DATA:
=== Begin Enclosure ===

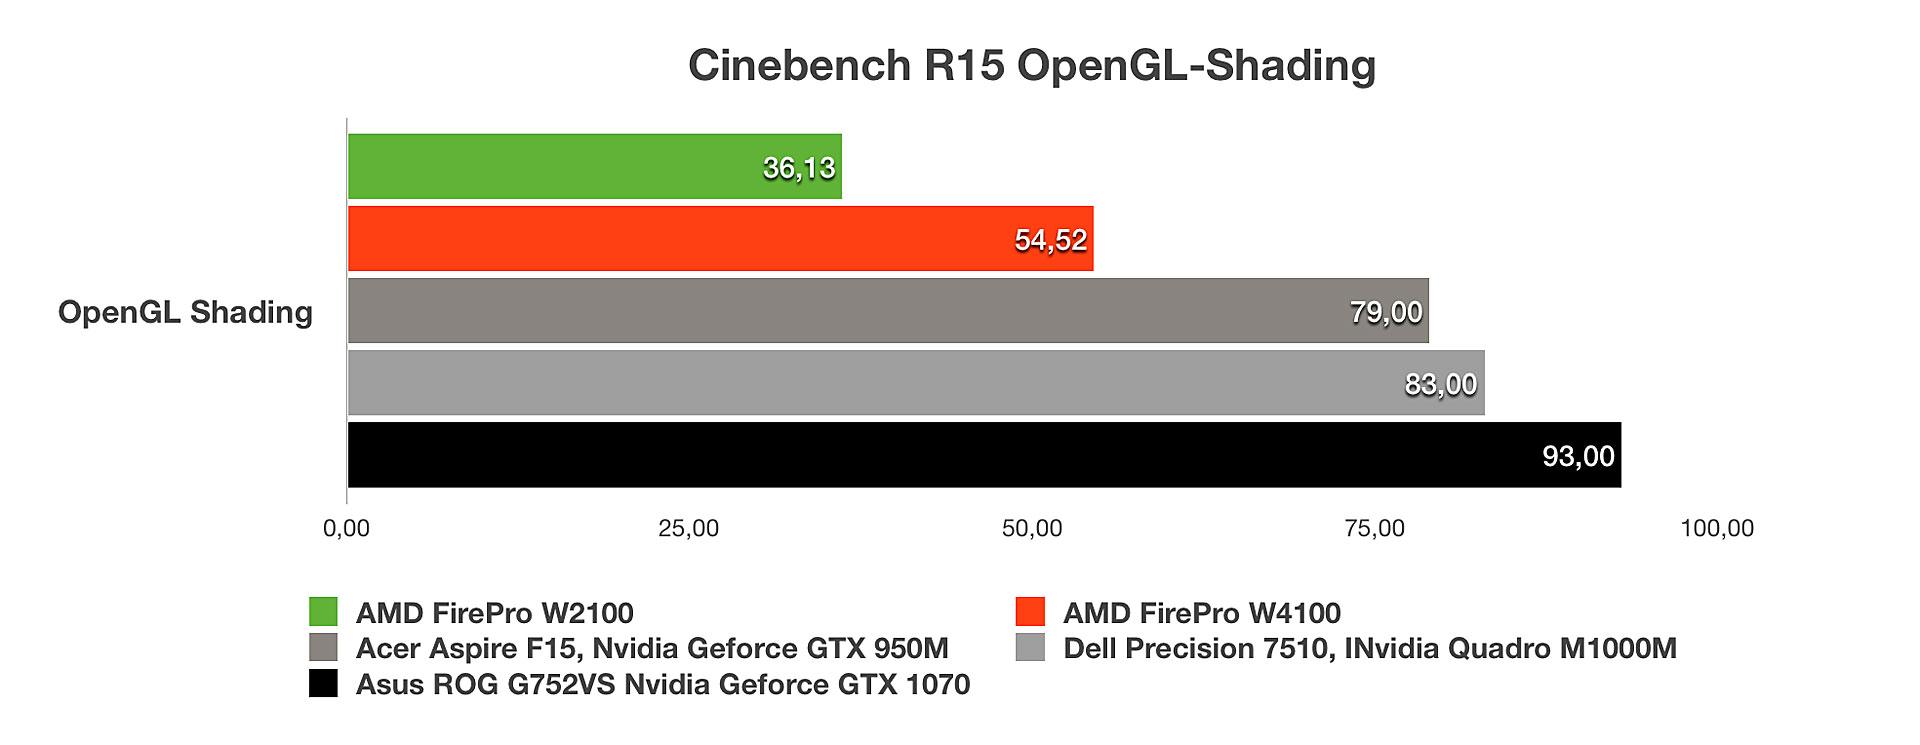 AMD FirePro W4100: Cinebench R15 OpenGL
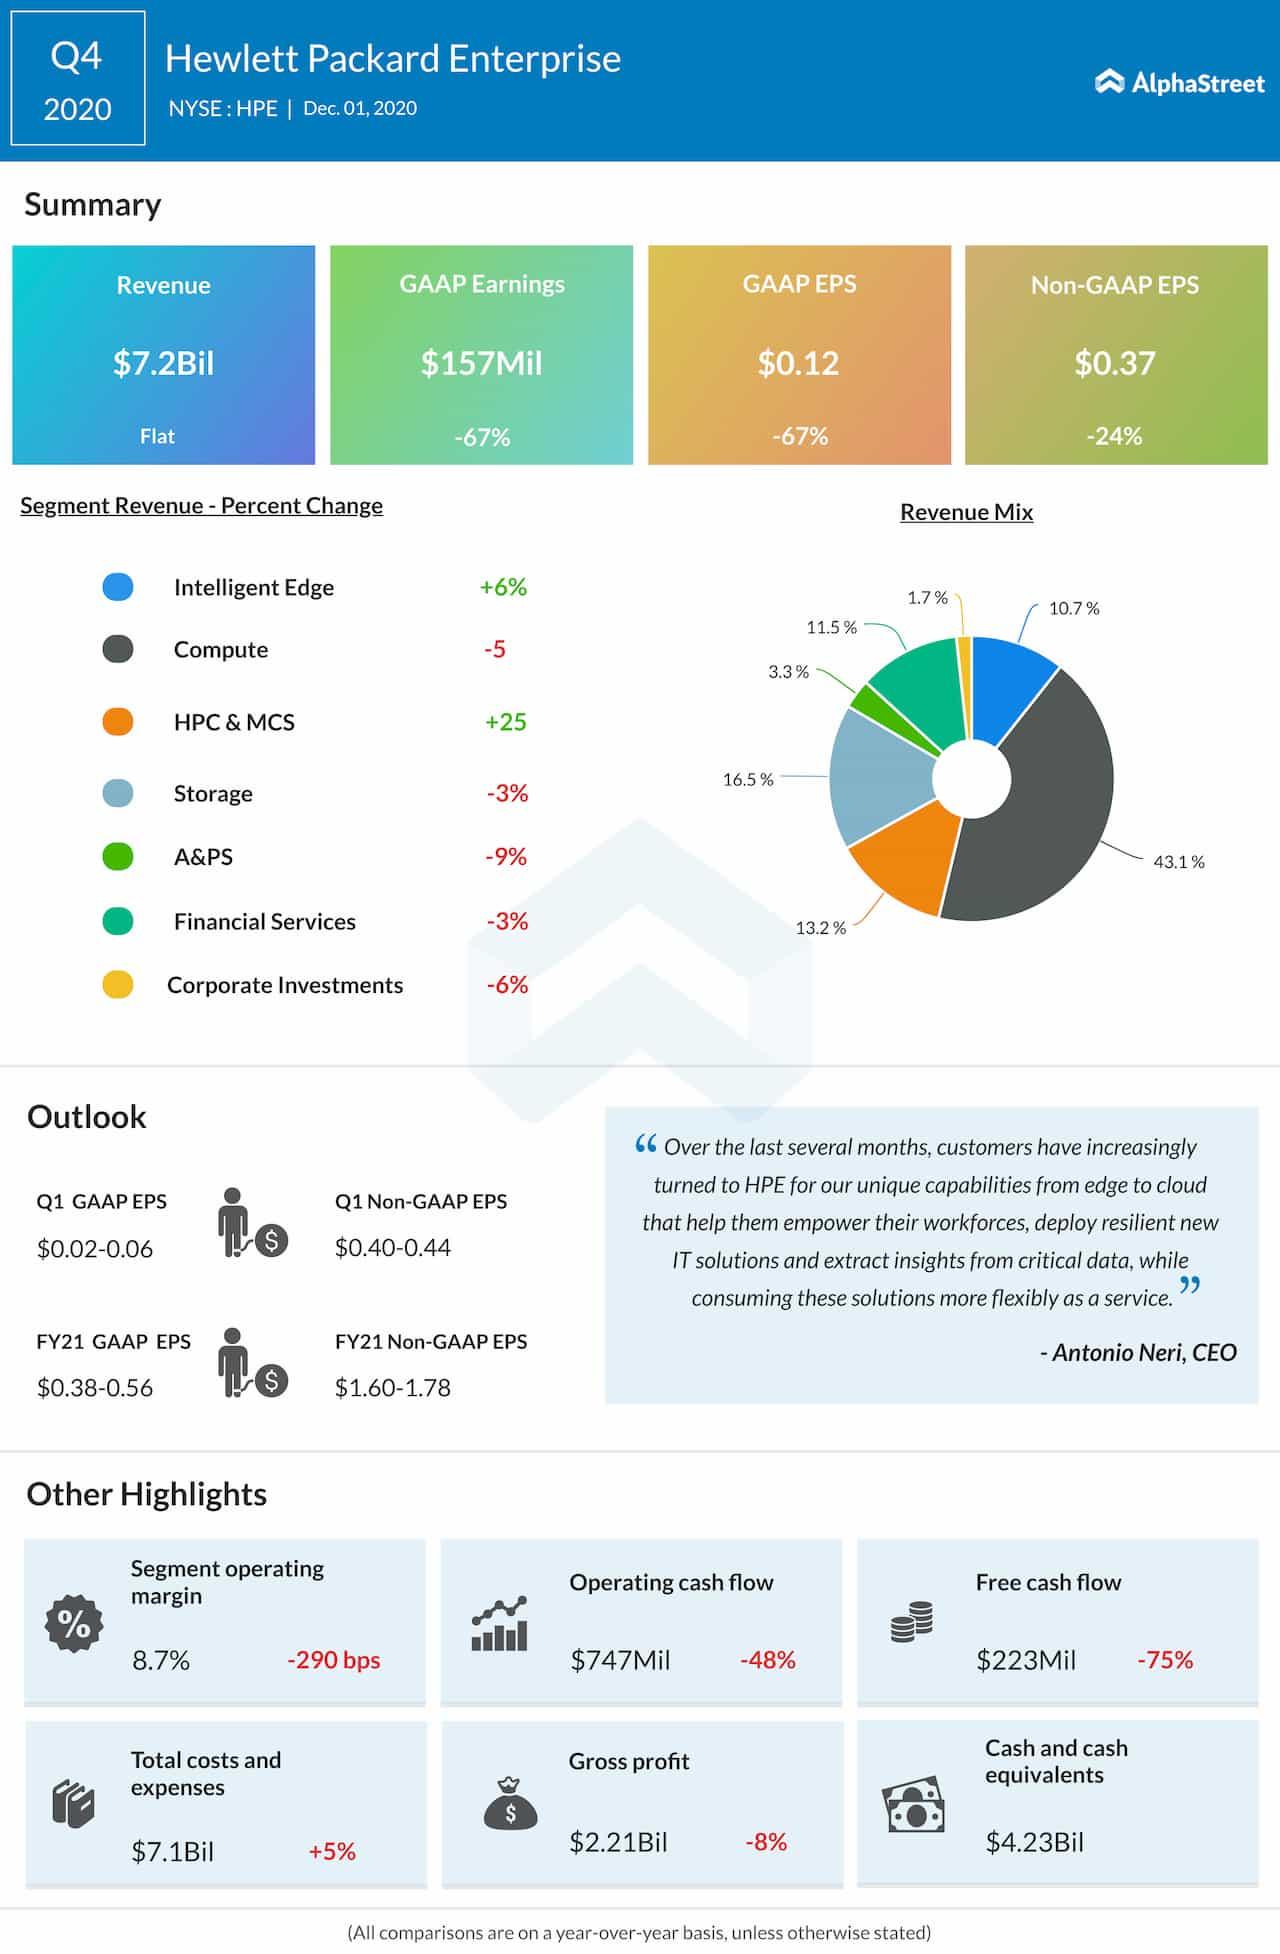 Hewlett Packard Q4 2020 Earnings Infographic
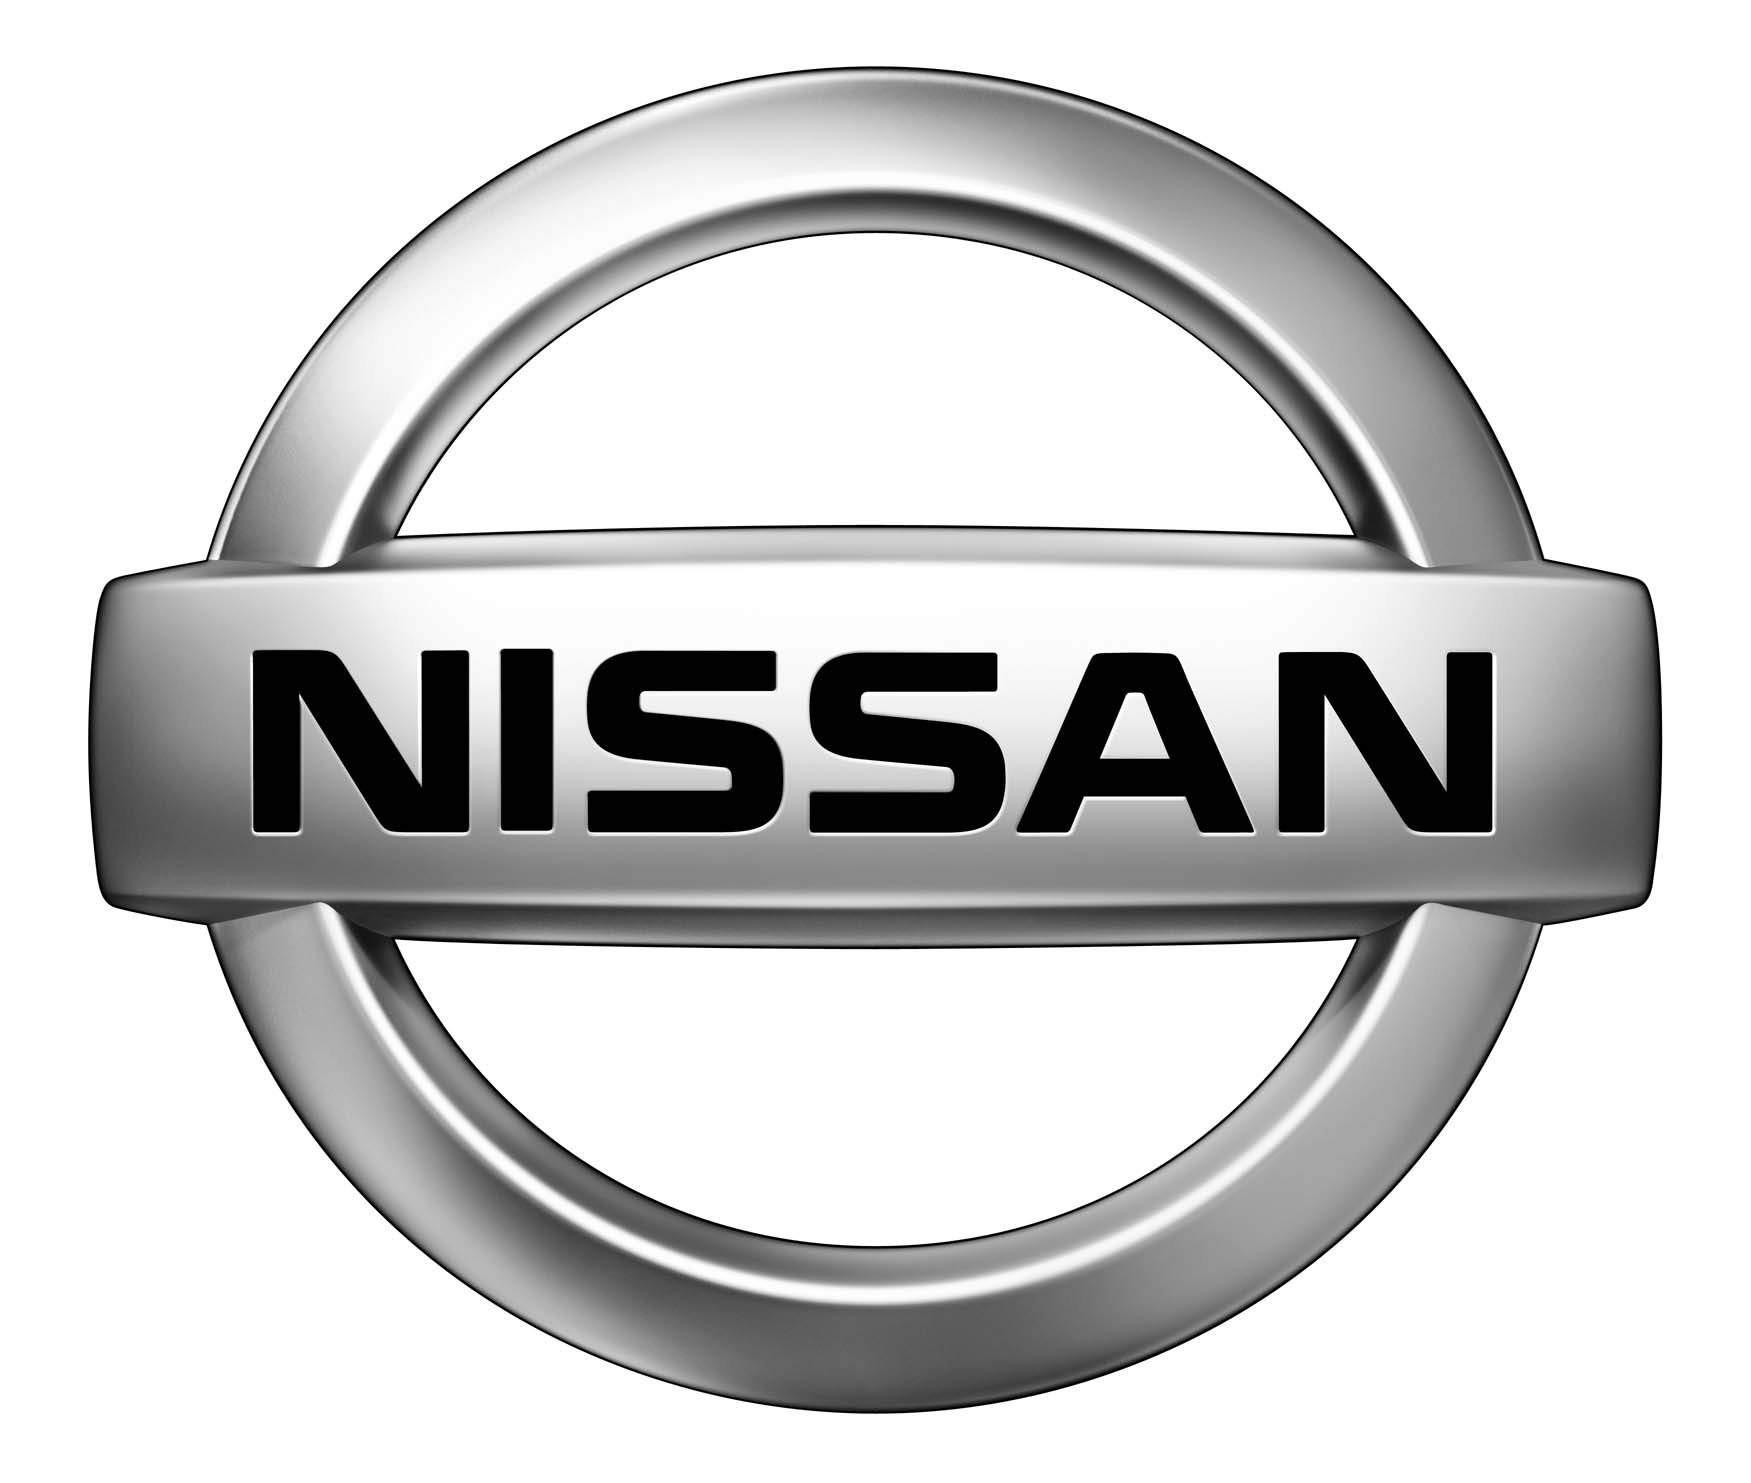 Nissan i Ballerup

=== End Enclosure ===

WORK REQUEST: Once more, please print all the lines above exactly, without their pictures.

SOLUTION:
 AMD FirePro W4100: Cinebench R15 OpenGL
 Hewlett Packard Q4 2020 Earnings Infographic
 Nissan i Ballerup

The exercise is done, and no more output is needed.